━━━ SUPPLIED MATERIAL ━━━

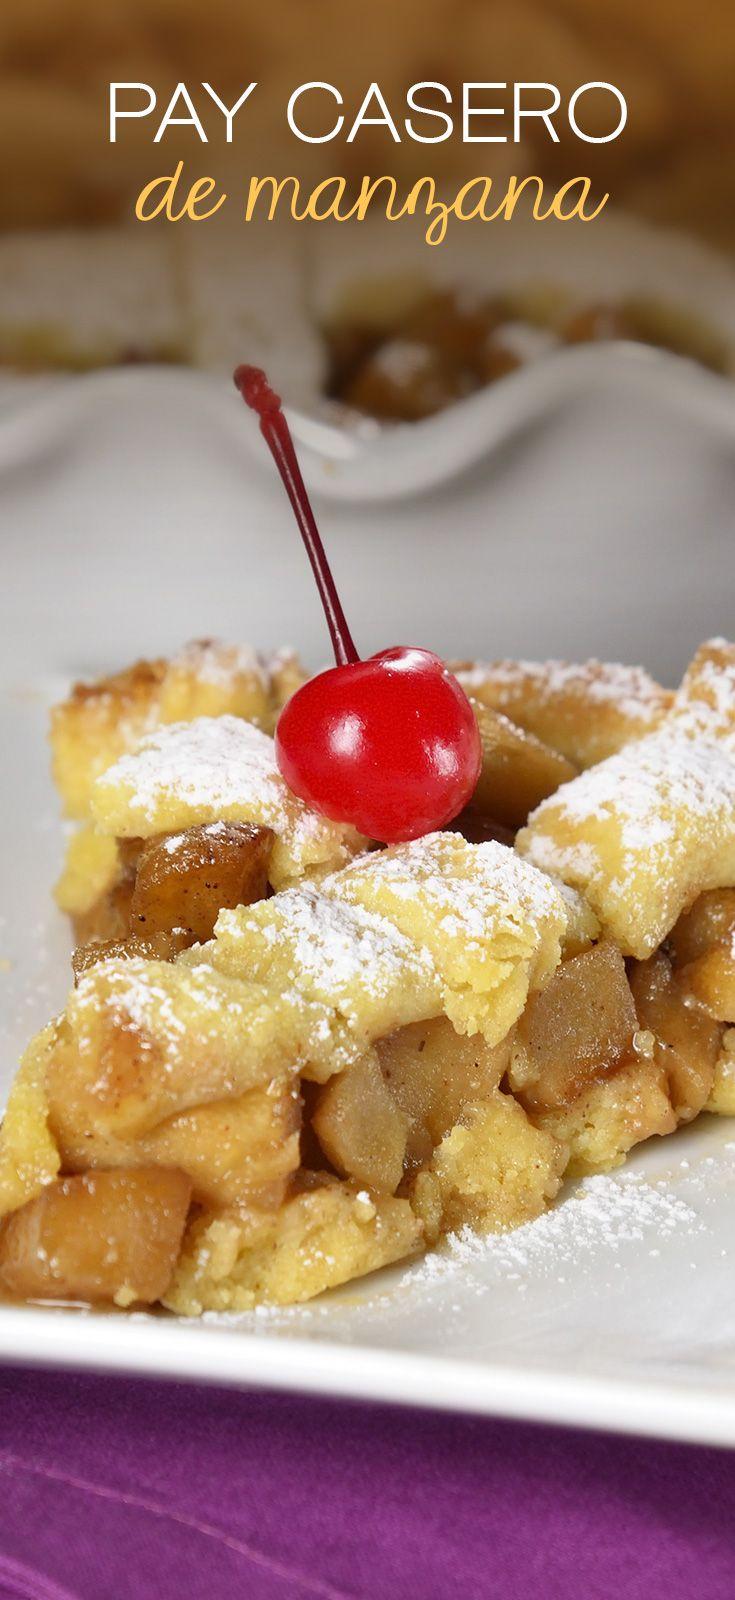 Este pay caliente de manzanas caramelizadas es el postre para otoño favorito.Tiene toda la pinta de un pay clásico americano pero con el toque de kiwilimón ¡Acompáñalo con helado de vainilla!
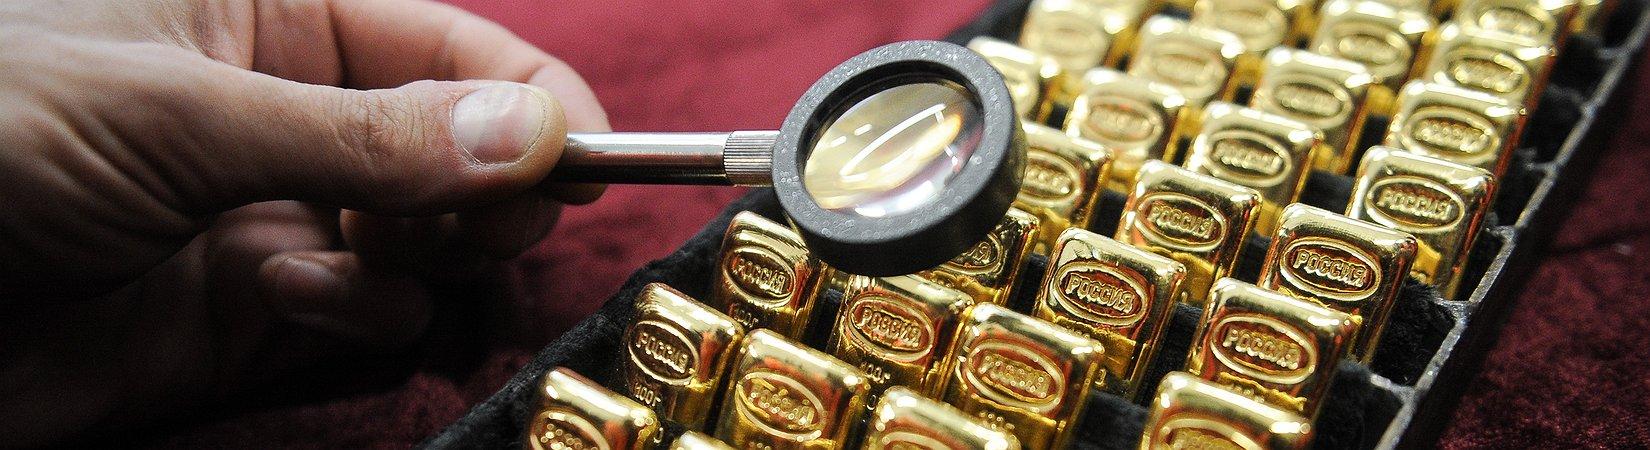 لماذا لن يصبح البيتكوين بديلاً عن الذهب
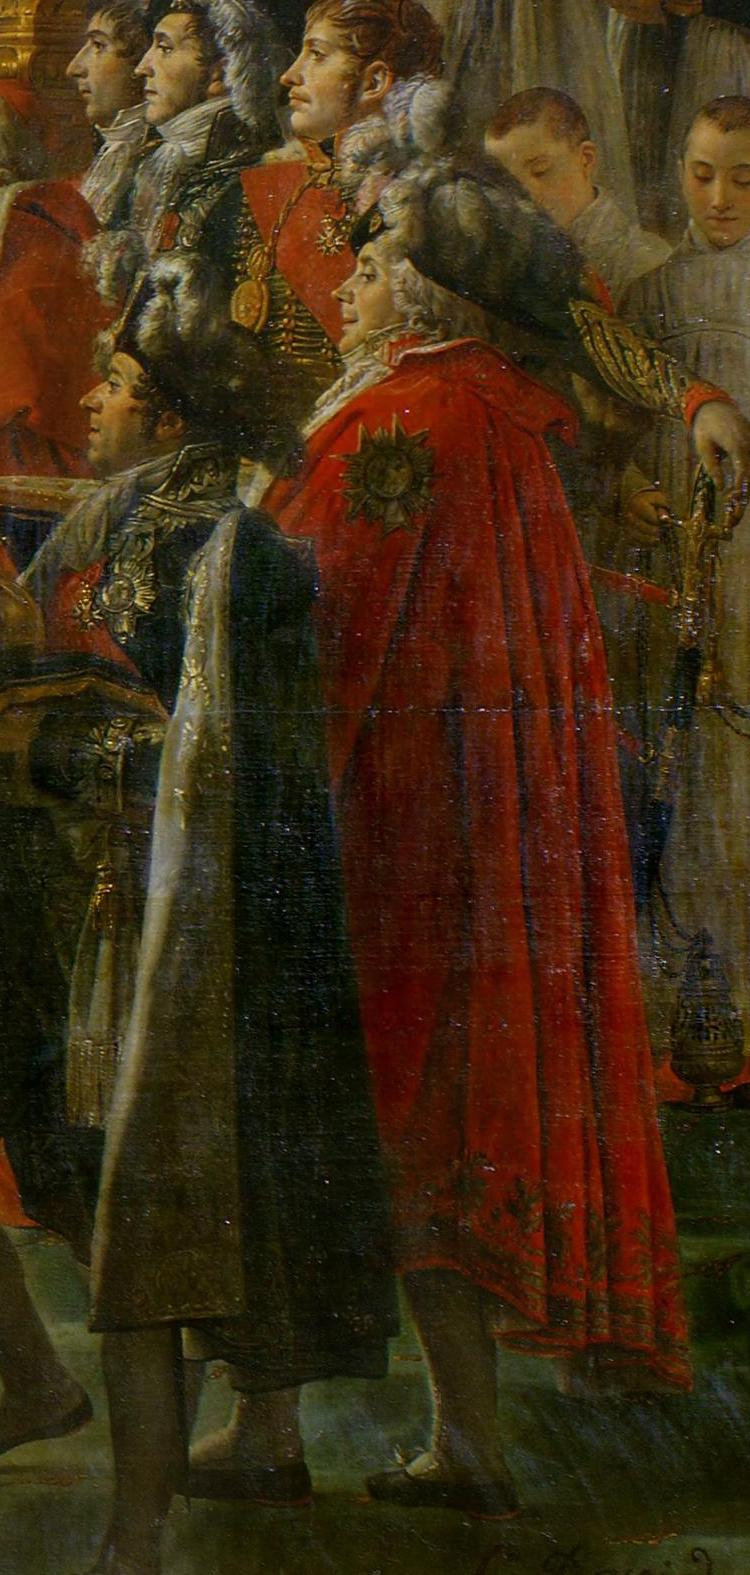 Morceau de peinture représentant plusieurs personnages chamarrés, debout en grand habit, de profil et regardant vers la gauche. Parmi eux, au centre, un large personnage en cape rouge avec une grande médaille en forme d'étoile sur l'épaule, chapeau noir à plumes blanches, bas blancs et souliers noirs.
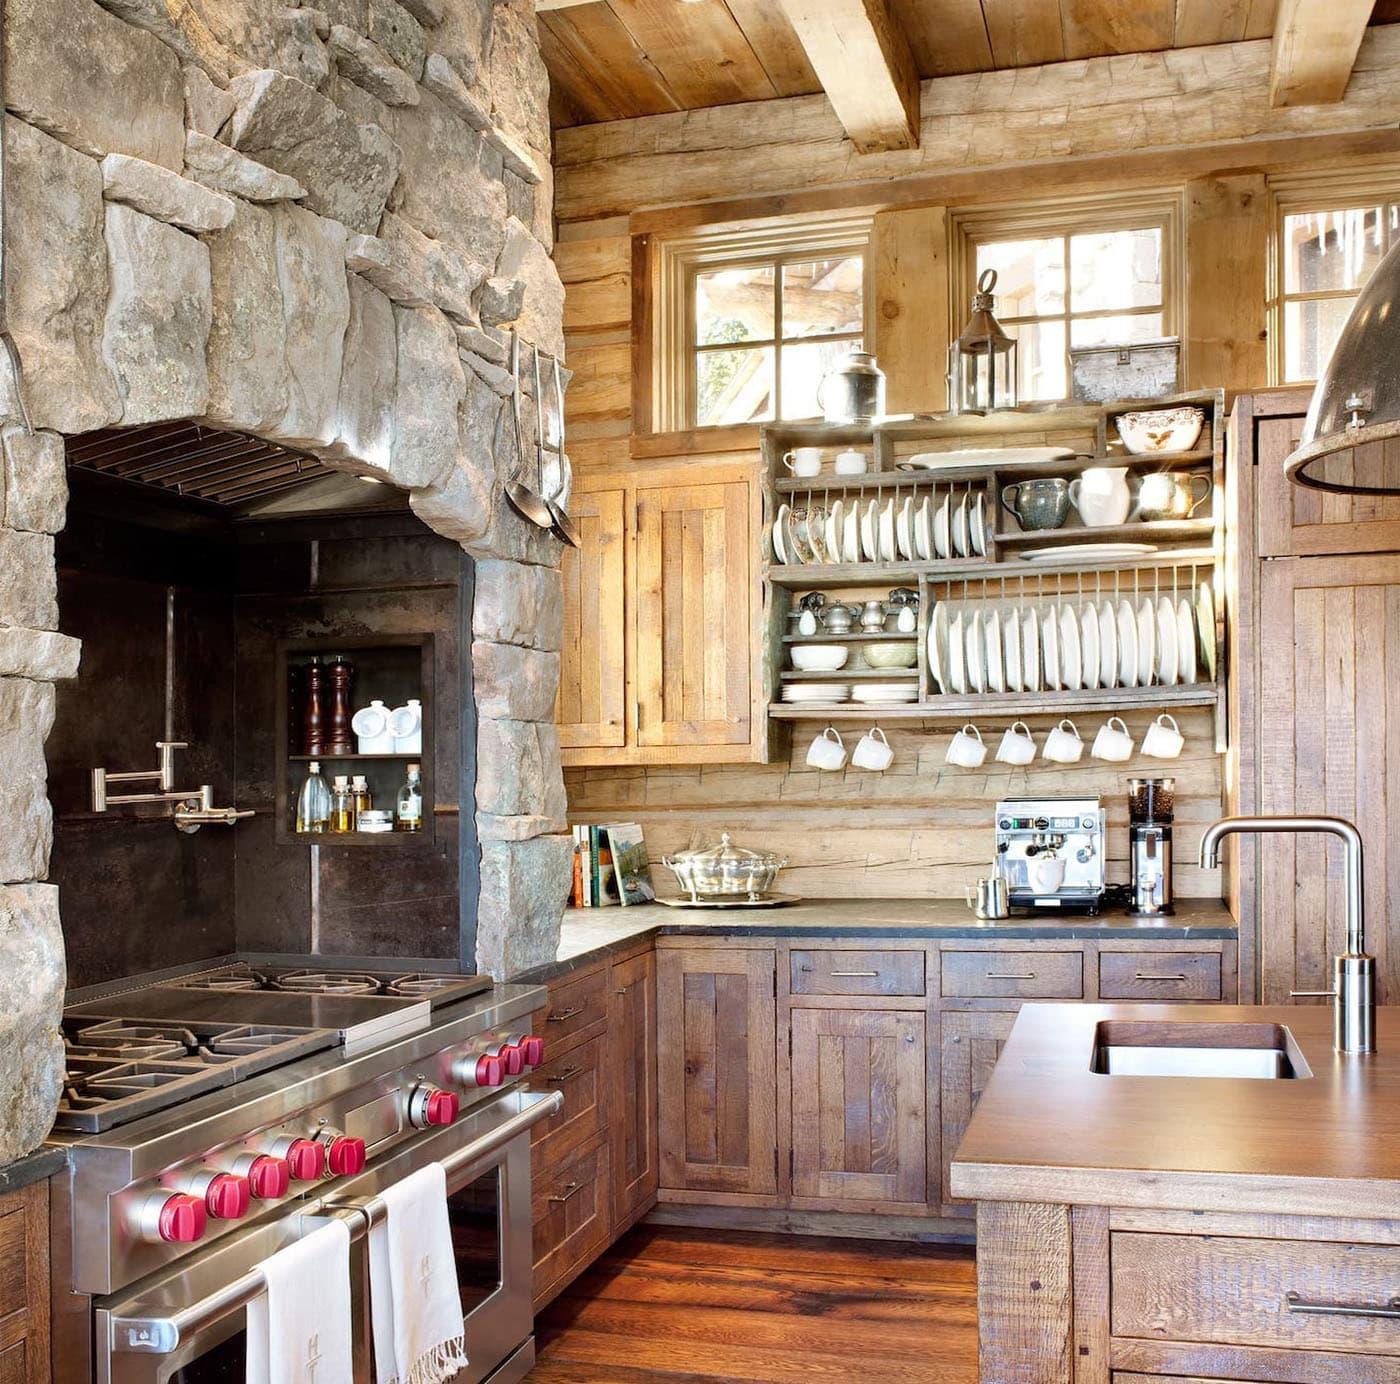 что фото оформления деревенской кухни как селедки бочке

━━━
━━━ SUPPLIED MATERIAL ━━━

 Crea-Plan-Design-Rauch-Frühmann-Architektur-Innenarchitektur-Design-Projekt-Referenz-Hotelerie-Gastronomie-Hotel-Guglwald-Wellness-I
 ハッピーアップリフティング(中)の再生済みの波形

━━━
━━━ SUPPLIED MATERIAL ━━━

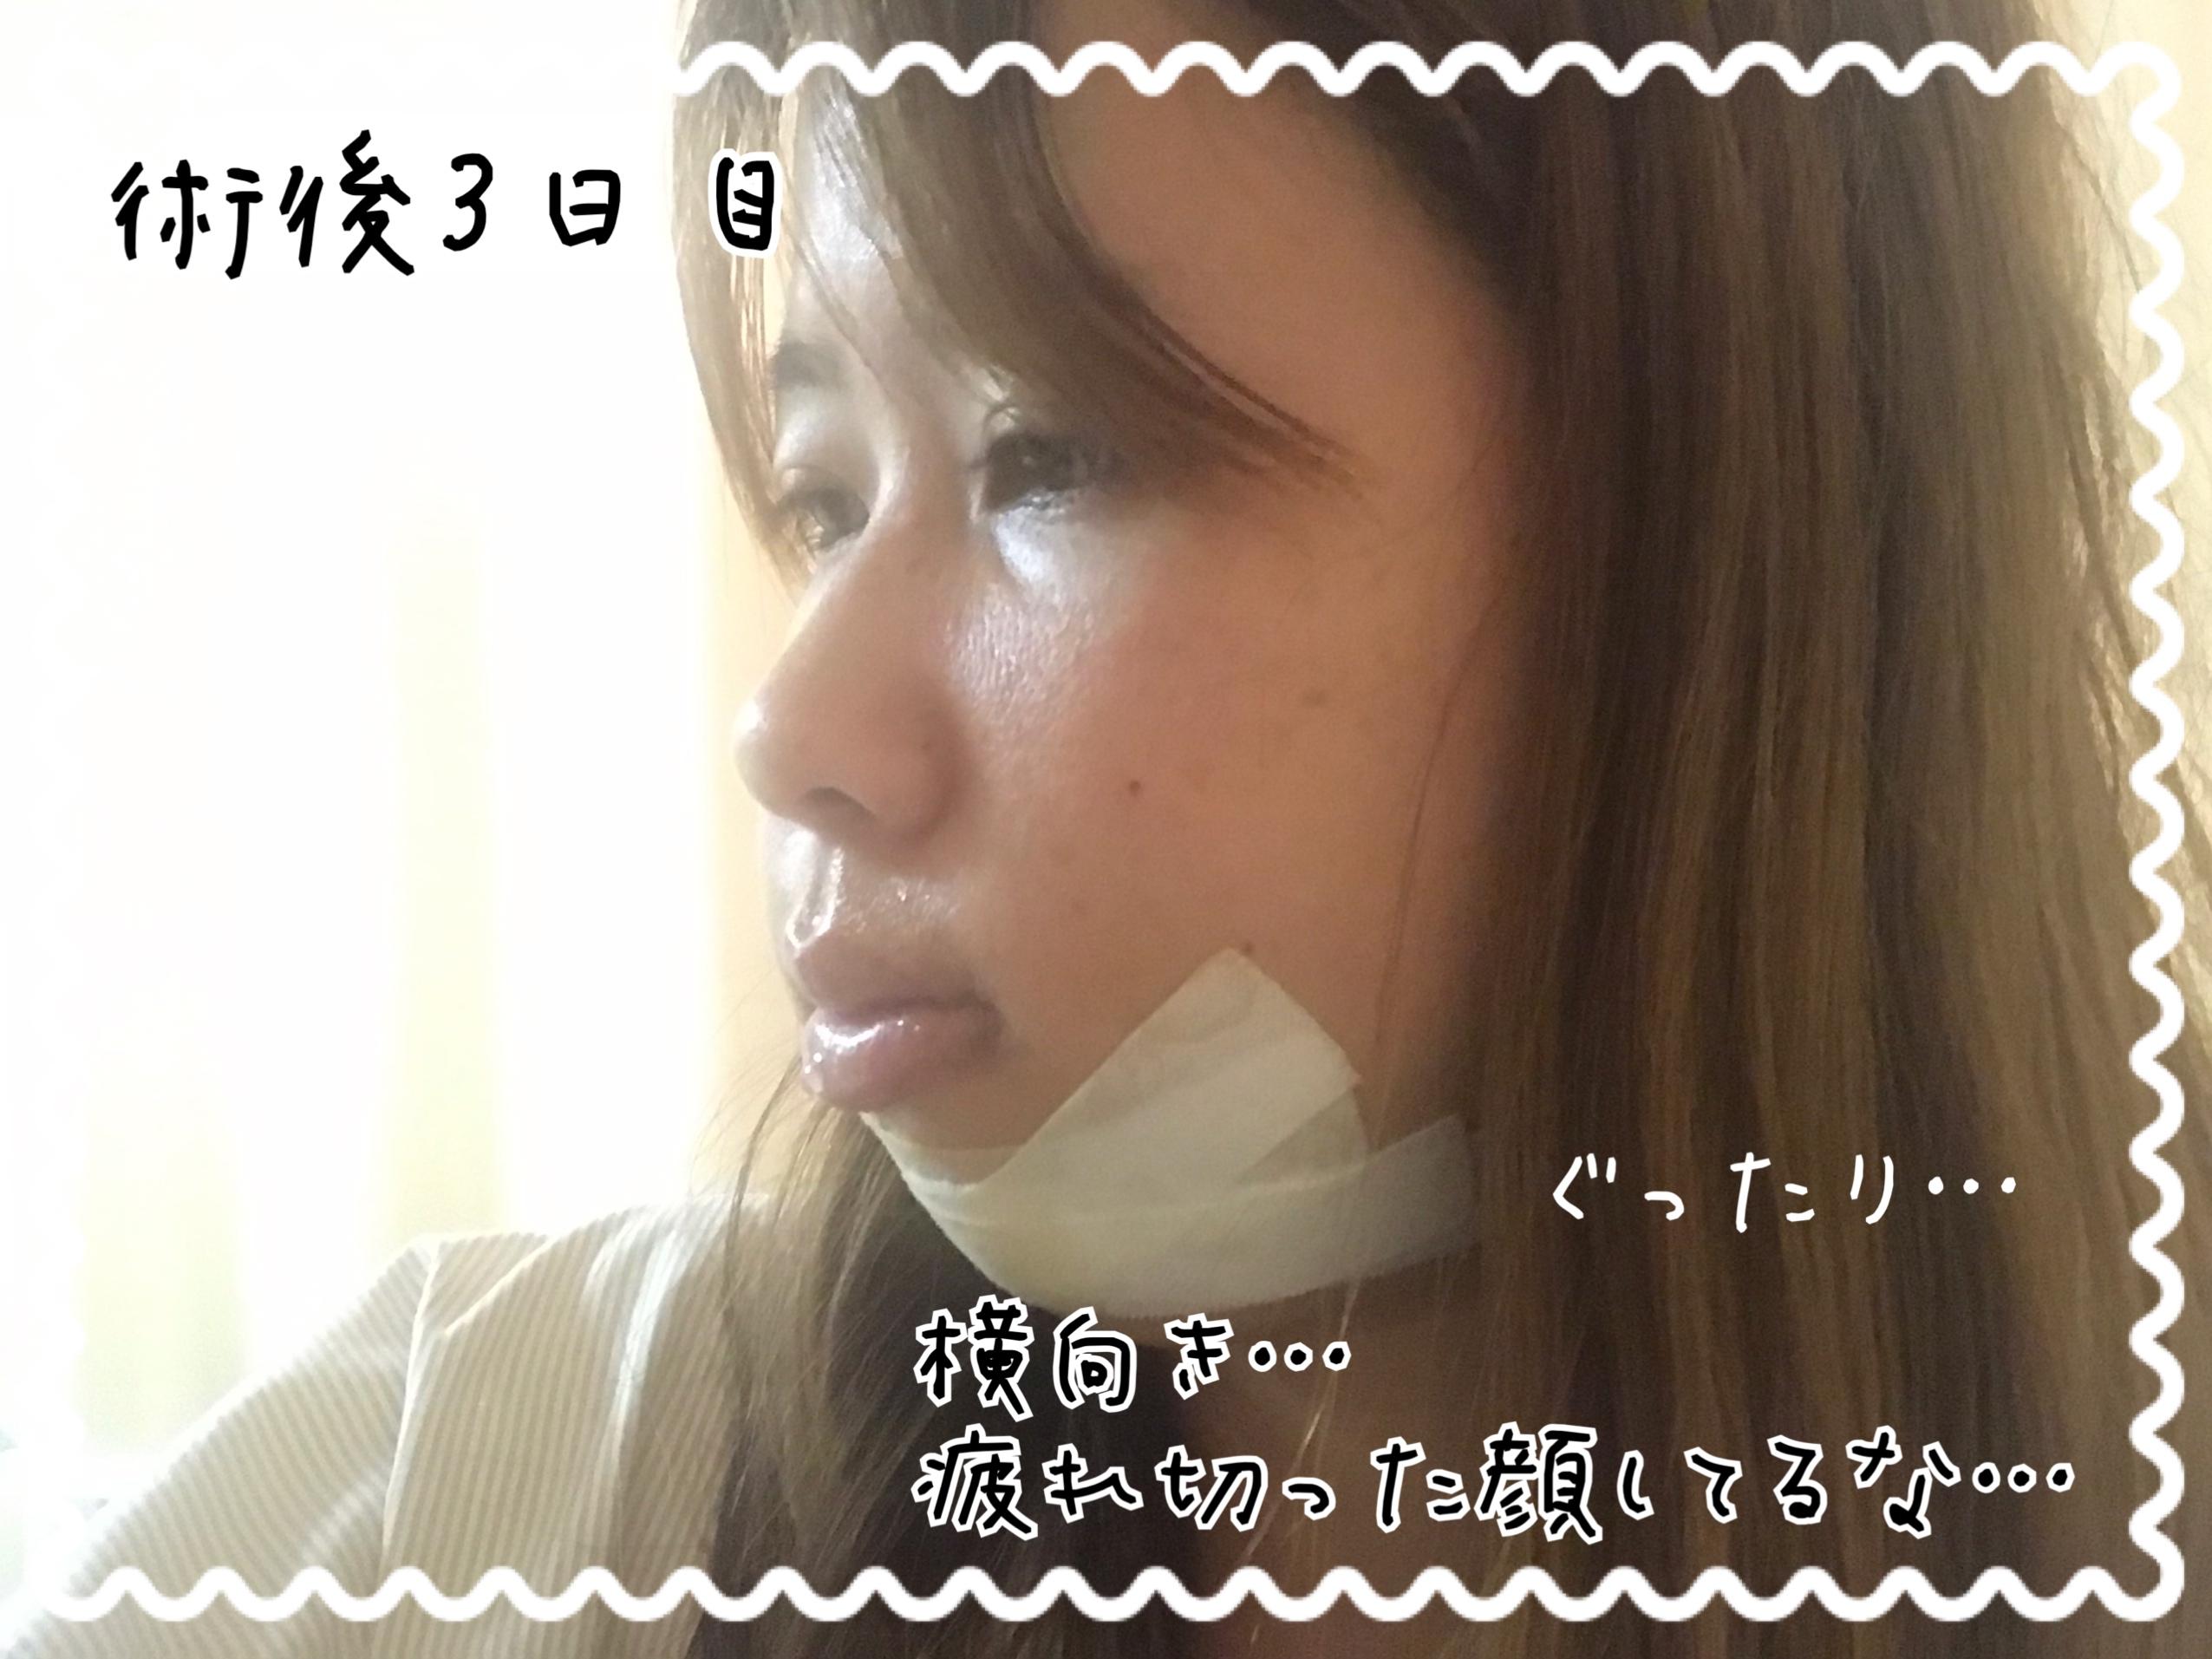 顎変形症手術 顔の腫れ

━━━

- **EXERCISE DIRECTIONS**:
Retype exactly the lines of the data above that fall between the line with "Crea-Plan-Desi" and the line with "ハッピーアップリフティング(中)の再生済みの波形", inclusive, and add nothing.

- **WRITTEN ANSWER**:
 Crea-Plan-Design-Rauch-Frühmann-Architektur-Innenarchitektur-Design-Projekt-Referenz-Hotelerie-Gastronomie-Hotel-Guglwald-Wellness-I
 ハッピーアップリフティング(中)の再生済みの波形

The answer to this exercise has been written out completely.